A 45-year-old woman presents to her GP surgery with palpitations. On examination, her heart rate is 156 bpm with an irregularly irregular rhythm. She denies chest pain or dizziness and her BP is 110/75 mmHg. She is otherwise well and has no past medical history of note. The practice nurse performs an ECG, which is shown below:
- What is the most likely diagnosis in this case?
This patient’s clinical features and ECG confirm a diagnosis of atrial fibrillation.
- What supporting evidence for this diagnosis is provided by the ECG in this case?

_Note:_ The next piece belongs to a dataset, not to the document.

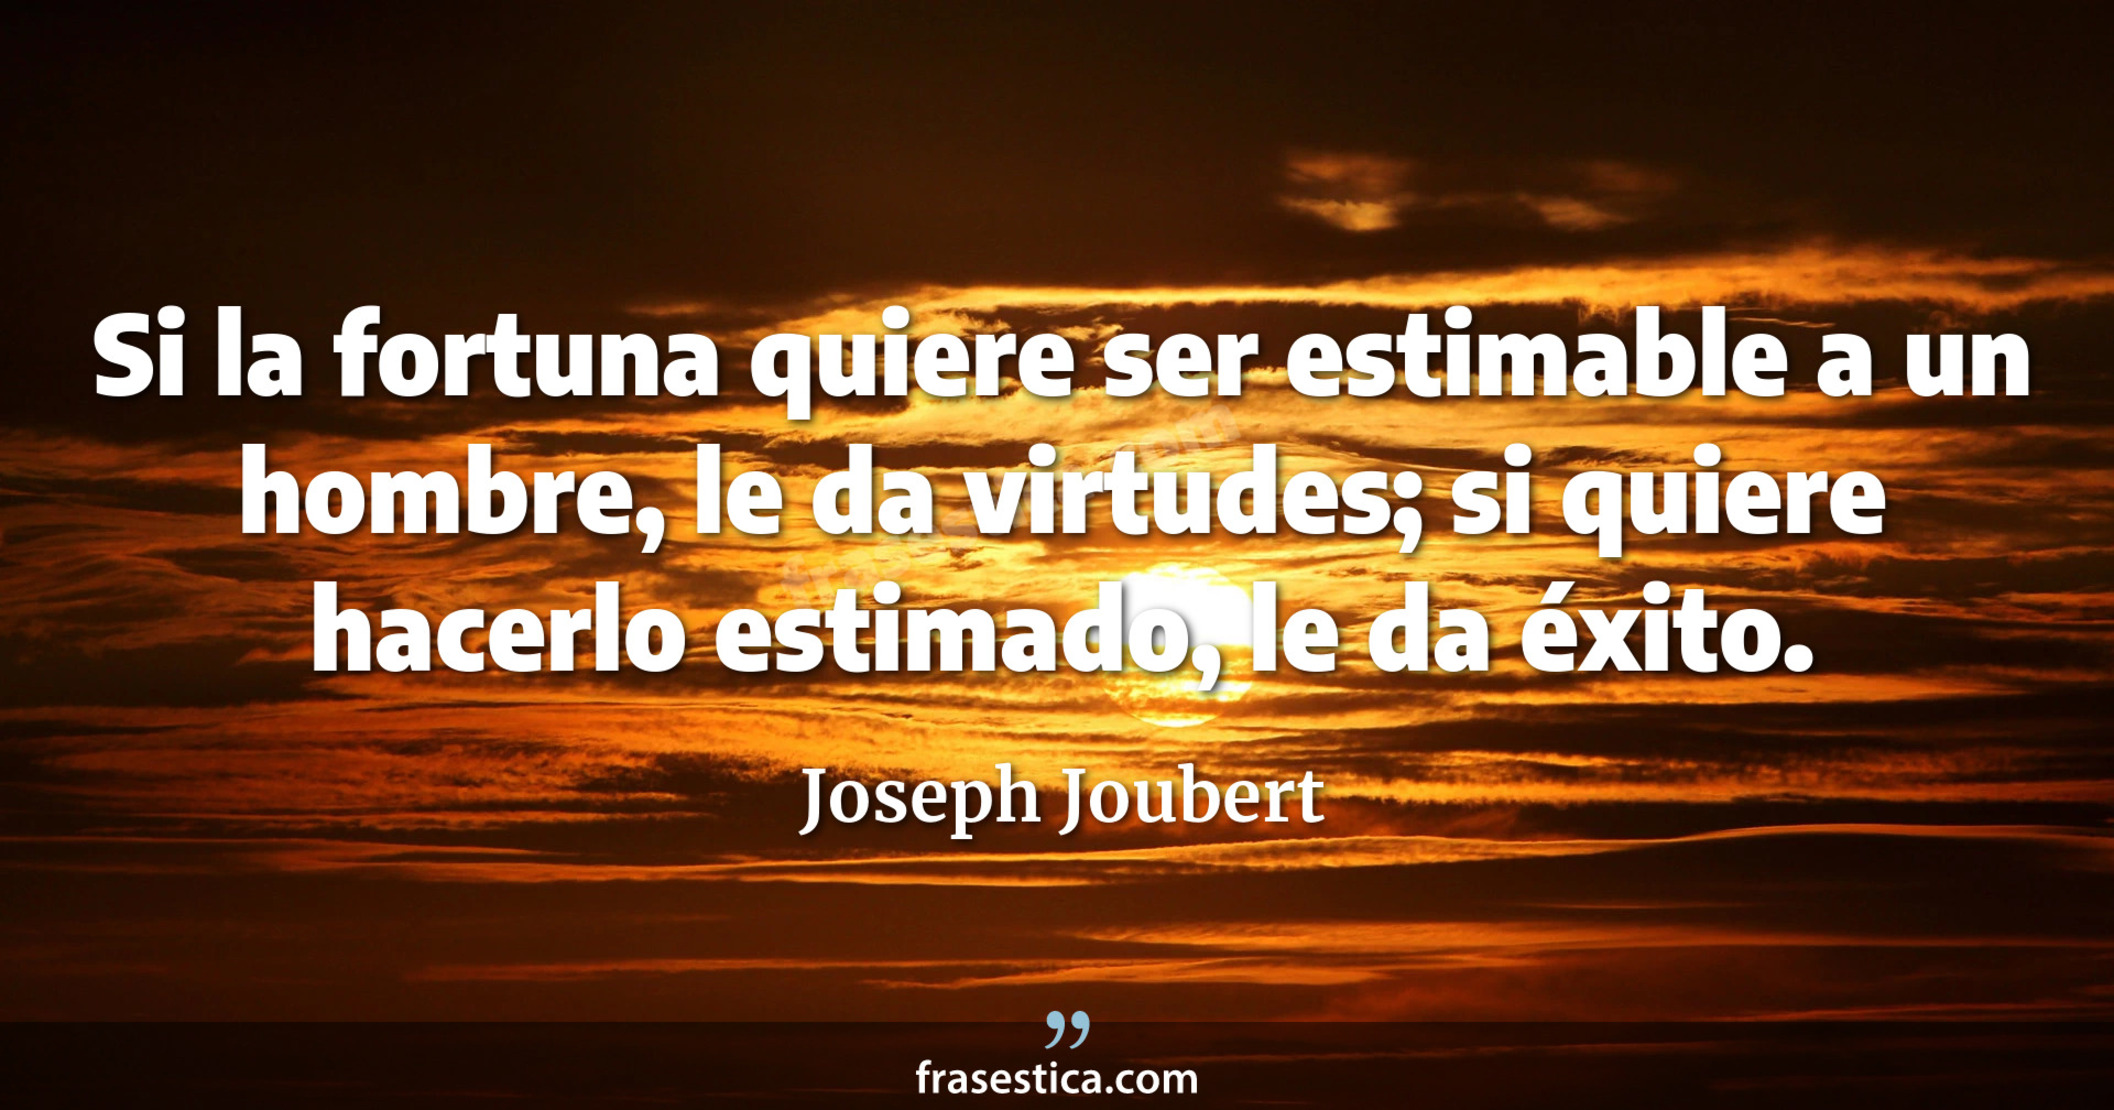 Si la fortuna quiere ser estimable a un hombre, le da virtudes; si quiere hacerlo estimado, le da éxito. - Joseph Joubert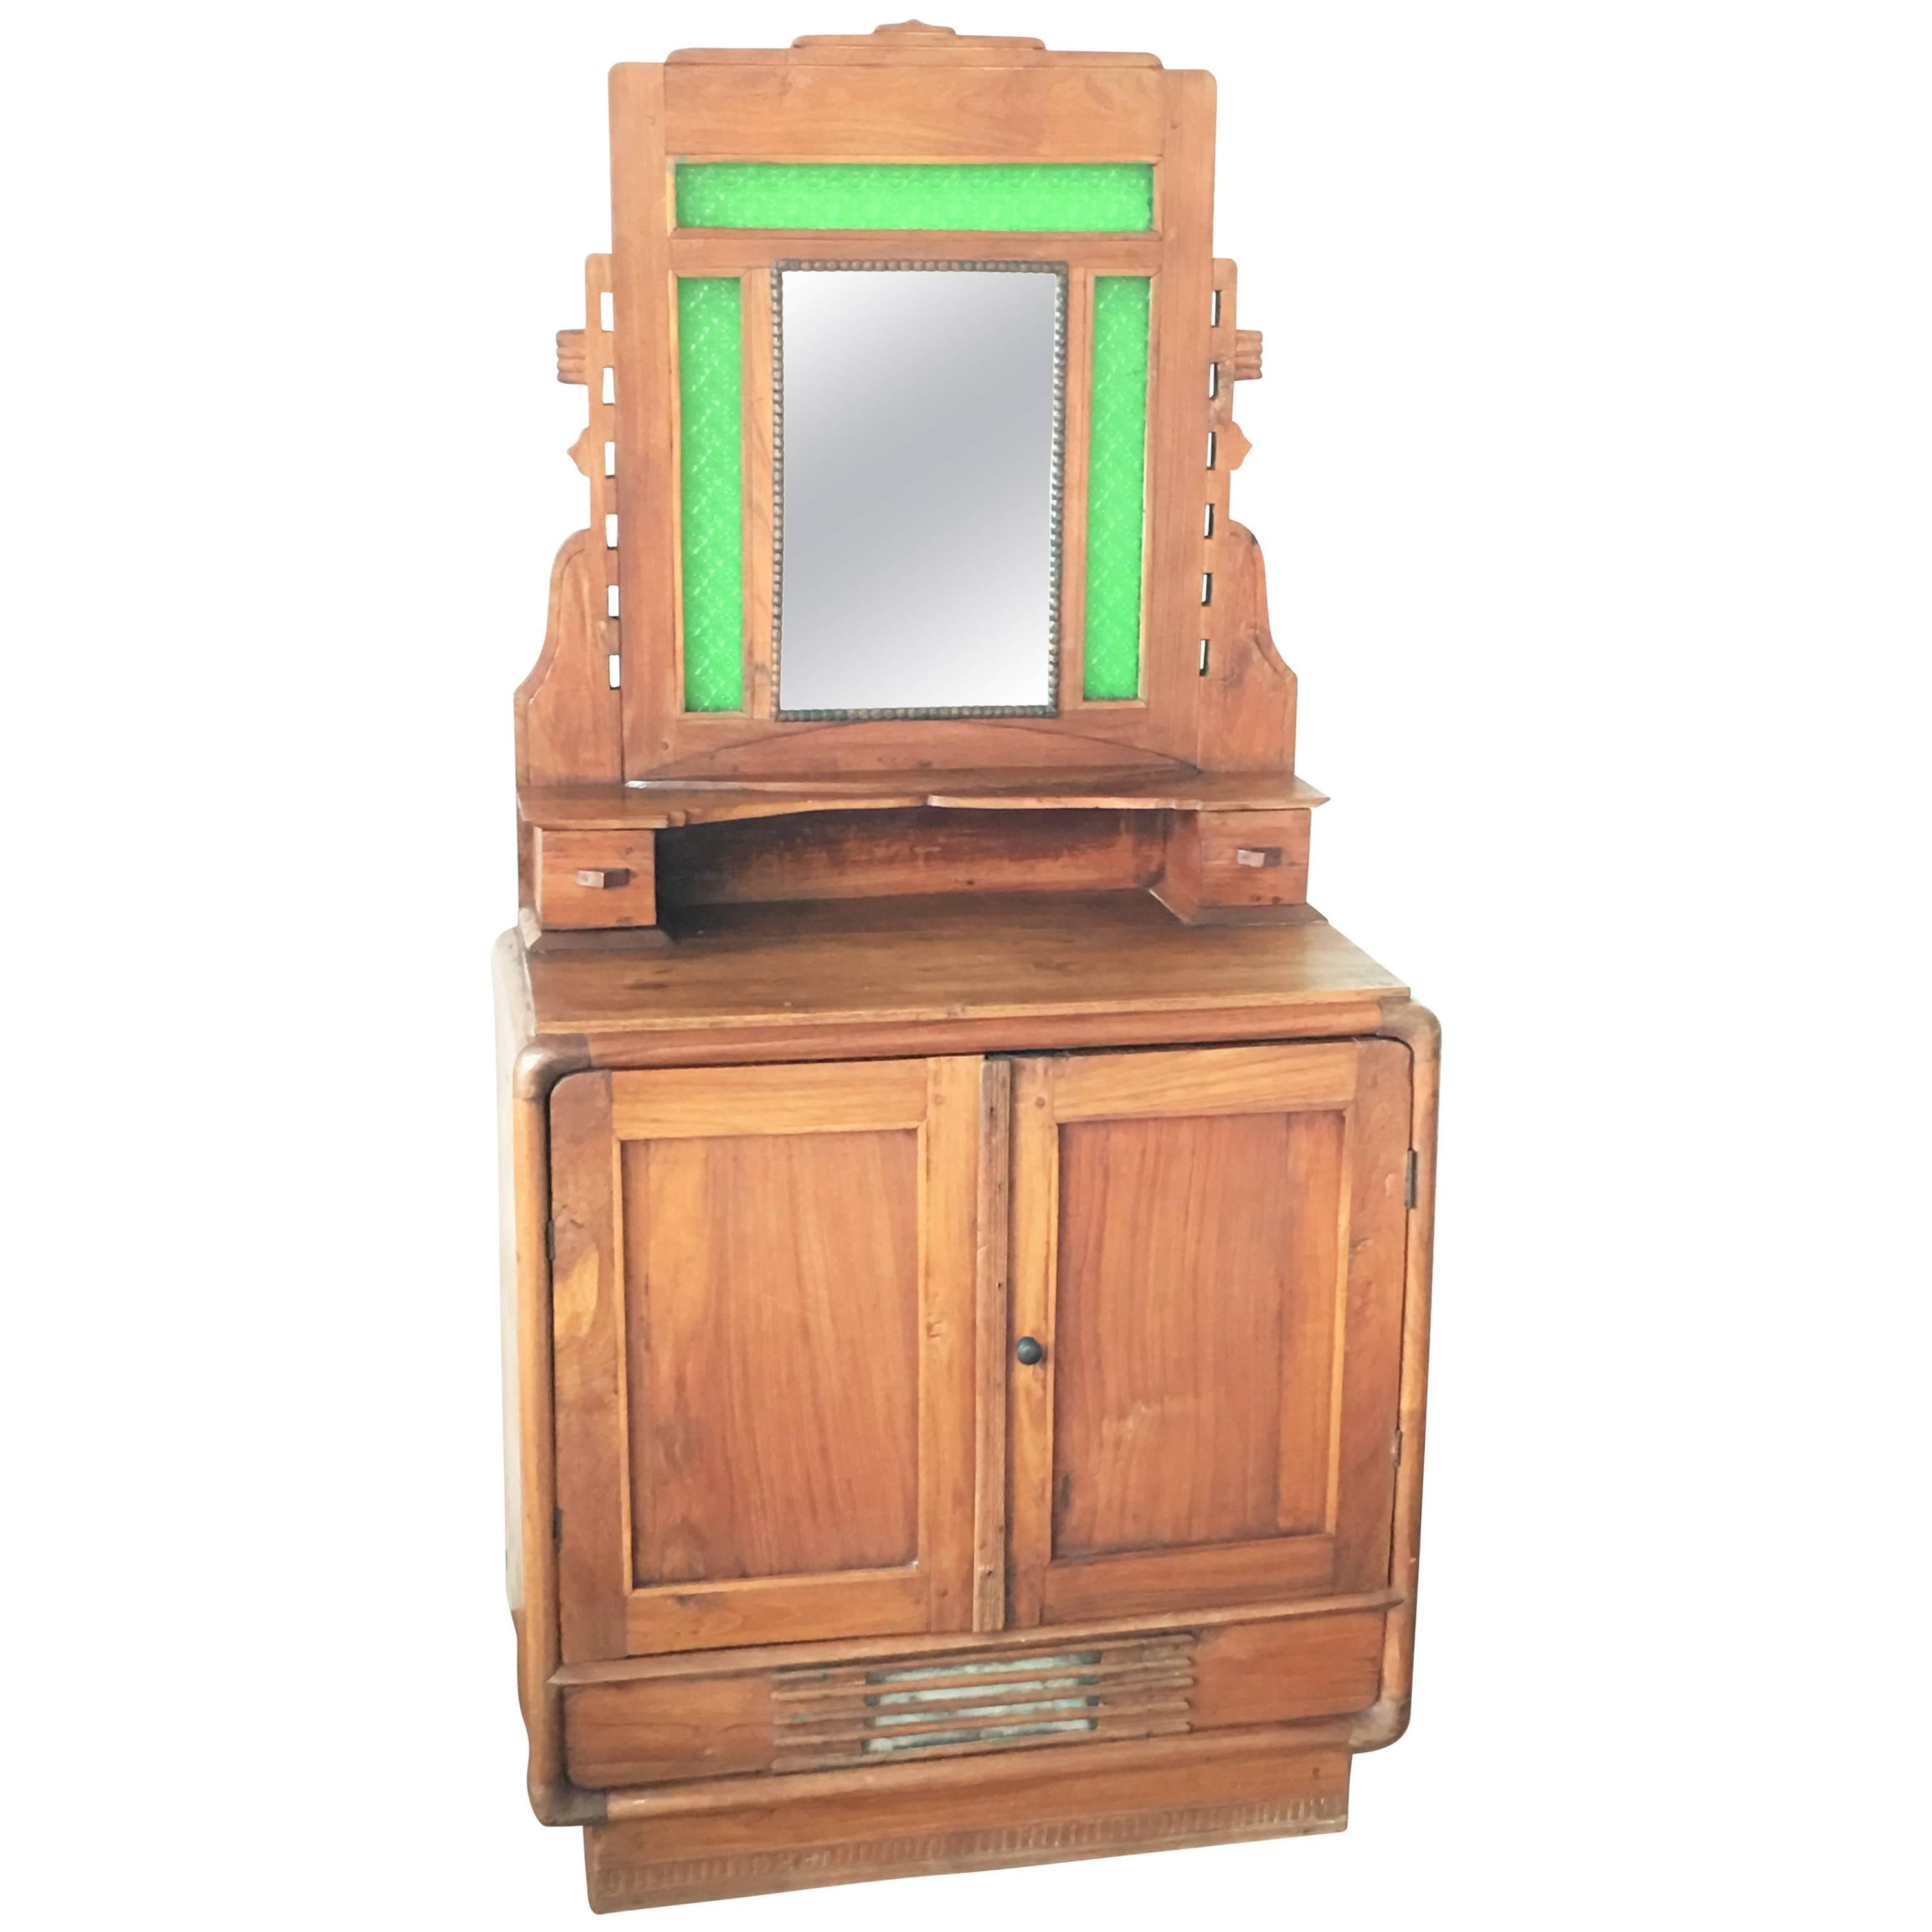 Sideboard aus Eichenholz, Buffet mit Spiegel und original grünem Glas

The key ECG features of atrial fibrillation present in this case are:
- Irregularly irregular rhythm
- Absence of P waves
- Absence of an isoelectric baseline
- Variable ventricular rate
- QRS complexes < 120 ms
- How should the GP manage the patient?
In this case, the patient has a rate in excess of 150 bpm, therefore even in the absence of cardiovascular compromise or complications, the most appropriate course of action would be an urgent referral for hospital admission.
The current NICE guidance lists the following as indications for urgent referral for admission to hospital:
- There is a very rapid pulse (greater than 150 bpm) and/or low BP (systolic BP < 90 mm Hg)
- There is loss of consciousness, severe dizziness, ongoing chest pain, or increasing breathlessness
- There is a complication of AF (e.g. stroke, TIA or acute heart failure)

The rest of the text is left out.